Social Search on Complex Online Networks

【作者】 黄来磊

【导师】 夏正友;

【作者基本信息】 南京航空航天大学 , 计算机应用技术, 2009, 硕士

【摘要】 信息检索领域有两种不同的观点:以计算机为中心和以人为中心。前者将信息检索问题看做如下几个方面组成:建立有效的索引,以高性能处理用户查询,以及开发能够提高结果集合“质量”的排序算法。而以人为中心的观点认为,信息检索问题包括:研究用户的行为,理解用户的主要需求,并判定这样的理解如何影响检索系统的组成和运行。尽管以搜索引擎为代表的信息检索观点存在诸如大量信息无法被检索,查询需求表达困难,返回结果粒度大等问题,但是在信息检索领域,这种观点仍然是最有影响的。
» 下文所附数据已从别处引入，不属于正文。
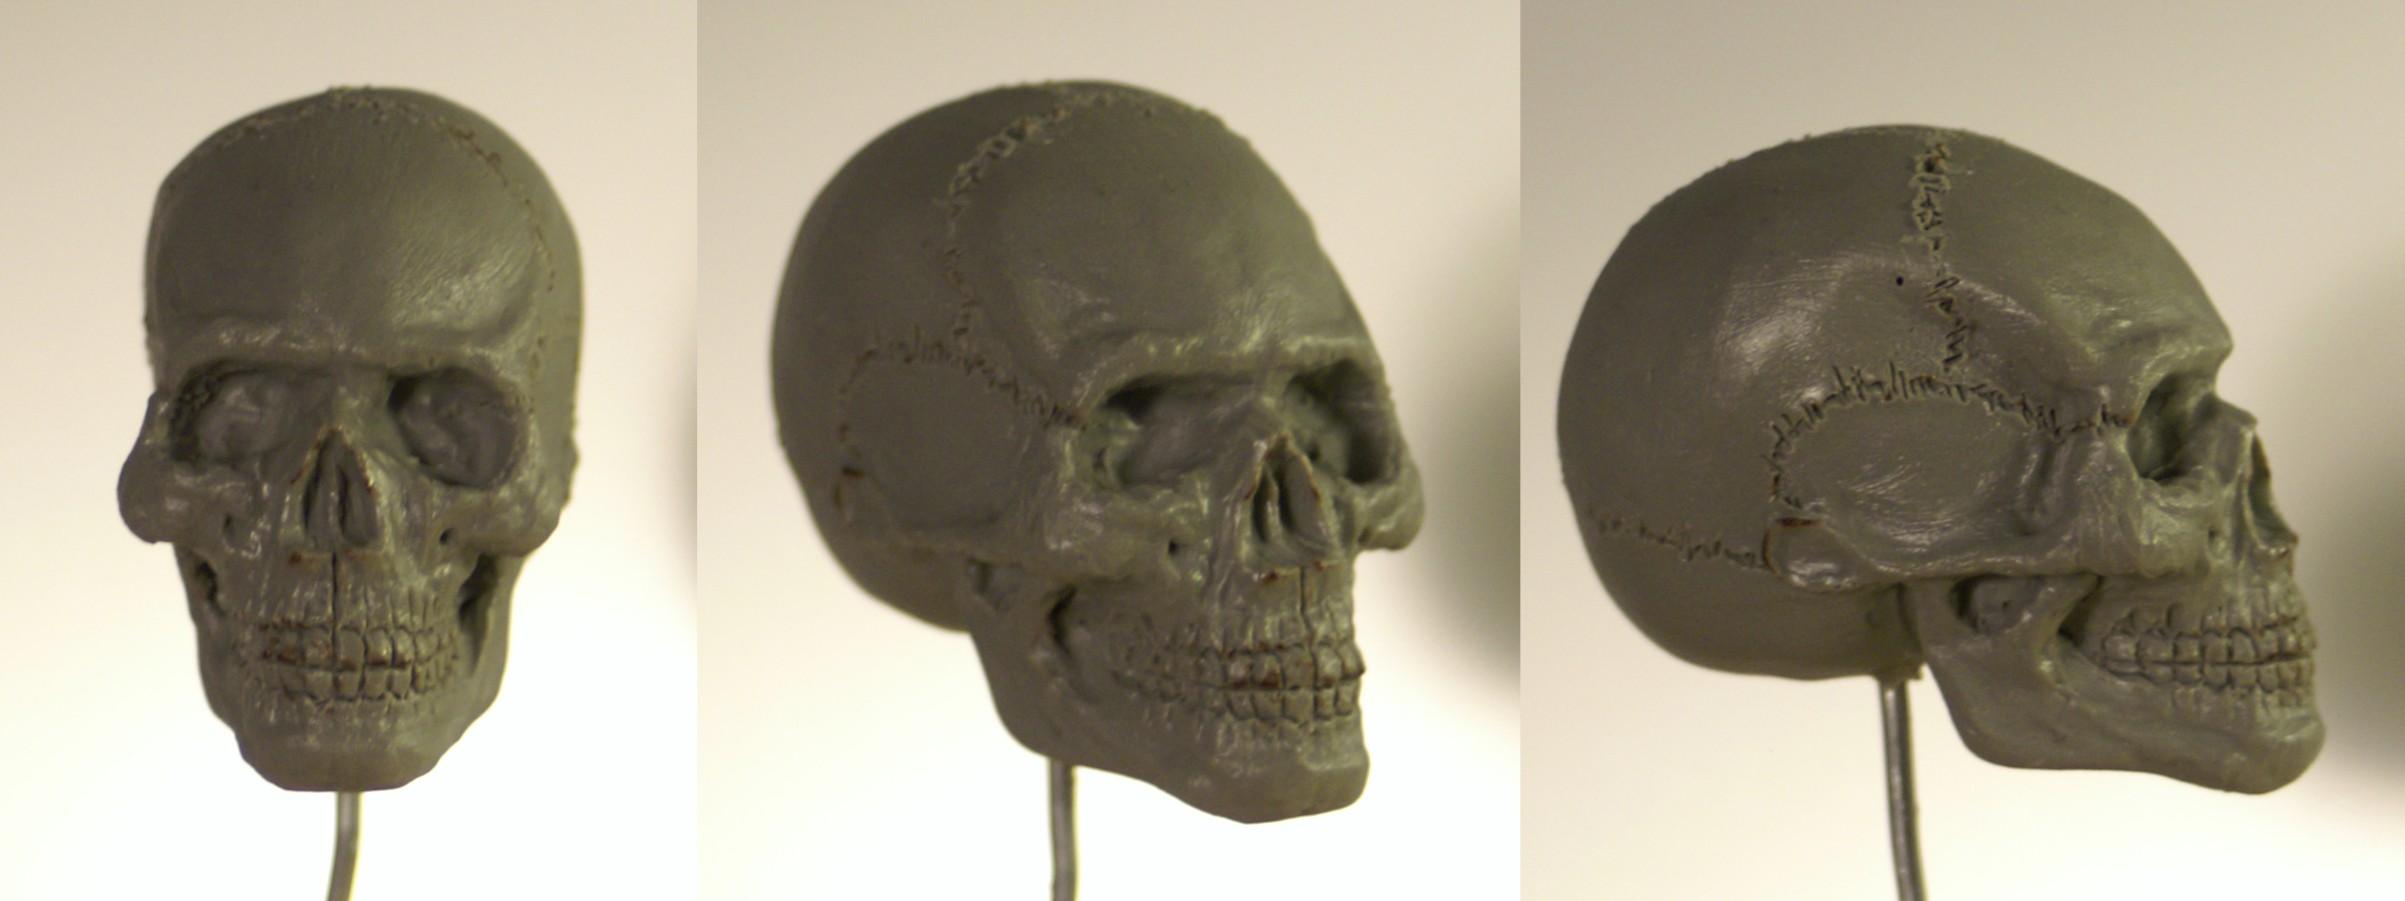 demostox sculpt Crane10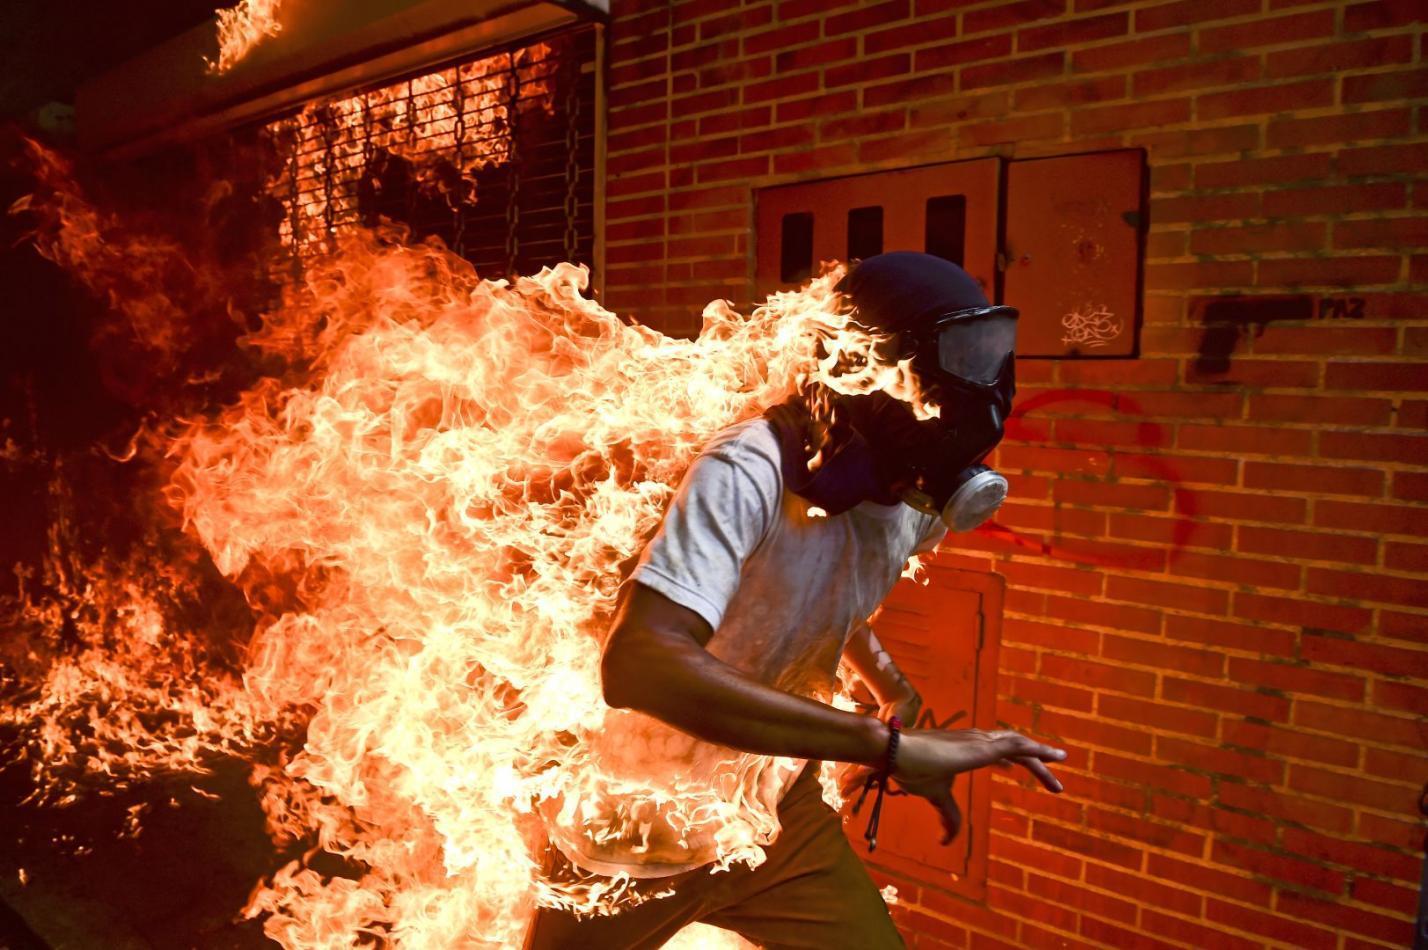 Foto: Ronaldo Schemidt/Cortesía World Press Photo

Web2.0的浪潮和“PeopleWeb”的崛起,给以人为中心的信息检索范式提供了新的机遇。这个新的机遇来自社会化搜索。Web2.0的核心代表是社会网络服务。本文以中国最大的大学生真实社交网络服务网站——“校内网”为研究对象,目的在于考察可能存在的以人为中心的信息检索范式。本文的主要工作包括:1.收集并制作校内网用户数据集。该数据集包含了南京航空航天大学的34085名注册用户的个人页面信息。具体包含三类信息:一,基本个人资料如姓名,性别,家乡,高中等。二,个人展示信息如头像,相册,日志等。三,社会交互信息包括好友列表,留言交互,礼物交互等。为数据挖掘,行为科学等研究领域提供了便利。2.分析用户行为角色和交互模式。基于校内网的留言板特性,构建留言交互社交网络,数据挖掘算法识别出明显差异的用户类别,包括“出访型”、“互访型”和“入访型”用户。进一步聚类识别出校内网中的“人气之星”,考察用户类别与声望之间的关系。在用户分类的基础上,采用卡方检验证实不同类型的用户之间存在着显著的交互模式。3.分析用户的需求类型和兴趣分布,构建仿真模型进行搜索实验。基于校内网的群组特性和用户数据中的群组列表,发现群组中的用户数量分布符合幂率。进一步将所有用户的兴趣分为“大众需求”,“小众需求”和“个性化需求”,并在此基础上构建仿真模型,进行专长定位搜索。实验表明,弱连带和出访类型搜索策略在“个性化需求”下的有效性。4.基于Java语言开发了SNSAnalyzer社交网站分析系统。整个系统包括网页爬虫模块、多智能体仿真模块,社会网络分析模块和社会网络可视化模块。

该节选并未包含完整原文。